======== The records

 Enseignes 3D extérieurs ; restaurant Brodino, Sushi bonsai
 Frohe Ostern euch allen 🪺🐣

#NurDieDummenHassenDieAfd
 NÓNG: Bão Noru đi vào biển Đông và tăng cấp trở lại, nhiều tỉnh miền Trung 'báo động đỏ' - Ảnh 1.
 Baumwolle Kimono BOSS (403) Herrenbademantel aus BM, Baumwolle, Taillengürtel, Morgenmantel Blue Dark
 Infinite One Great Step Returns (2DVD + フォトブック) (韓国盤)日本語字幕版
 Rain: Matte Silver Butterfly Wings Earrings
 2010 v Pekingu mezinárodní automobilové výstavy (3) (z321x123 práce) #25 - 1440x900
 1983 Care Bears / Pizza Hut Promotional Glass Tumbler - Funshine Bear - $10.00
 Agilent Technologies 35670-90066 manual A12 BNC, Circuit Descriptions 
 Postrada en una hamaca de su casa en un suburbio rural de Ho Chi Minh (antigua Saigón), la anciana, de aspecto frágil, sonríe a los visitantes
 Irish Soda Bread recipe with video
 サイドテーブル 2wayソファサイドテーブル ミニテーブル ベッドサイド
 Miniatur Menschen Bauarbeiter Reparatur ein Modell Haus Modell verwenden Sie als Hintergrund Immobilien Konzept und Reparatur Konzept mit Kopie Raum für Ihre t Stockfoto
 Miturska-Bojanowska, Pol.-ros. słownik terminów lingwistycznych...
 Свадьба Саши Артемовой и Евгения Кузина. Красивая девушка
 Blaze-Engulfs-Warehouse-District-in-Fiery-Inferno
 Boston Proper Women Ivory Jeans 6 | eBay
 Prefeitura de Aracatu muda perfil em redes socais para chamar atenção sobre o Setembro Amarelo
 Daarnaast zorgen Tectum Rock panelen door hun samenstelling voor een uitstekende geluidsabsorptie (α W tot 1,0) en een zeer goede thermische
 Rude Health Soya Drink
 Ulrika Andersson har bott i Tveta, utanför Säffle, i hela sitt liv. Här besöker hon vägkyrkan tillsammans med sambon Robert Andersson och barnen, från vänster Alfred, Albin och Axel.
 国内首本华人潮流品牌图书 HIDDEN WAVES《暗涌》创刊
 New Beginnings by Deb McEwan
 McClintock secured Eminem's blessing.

================

## The problem
For the material above, reproduce exactly the lines from the line with "Blaze-Engulfs-Warehouse-District-in-Fiery-Inferno" to the line with "New Beginnings by Deb McEwan", inclusive, and exclude all others.

## Response below
 Blaze-Engulfs-Warehouse-District-in-Fiery-Inferno
 Boston Proper Women Ivory Jeans 6 | eBay
 Prefeitura de Aracatu muda perfil em redes socais para chamar atenção sobre o Setembro Amarelo
 Daarnaast zorgen Tectum Rock panelen door hun samenstelling voor een uitstekende geluidsabsorptie (α W tot 1,0) en een zeer goede thermische
 Rude Health Soya Drink
 Ulrika Andersson har bott i Tveta, utanför Säffle, i hela sitt liv. Här besöker hon vägkyrkan tillsammans med sambon Robert Andersson och barnen, från vänster Alfred, Albin och Axel.
 国内首本华人潮流品牌图书 HIDDEN WAVES《暗涌》创刊
 New Beginnings by Deb McEwan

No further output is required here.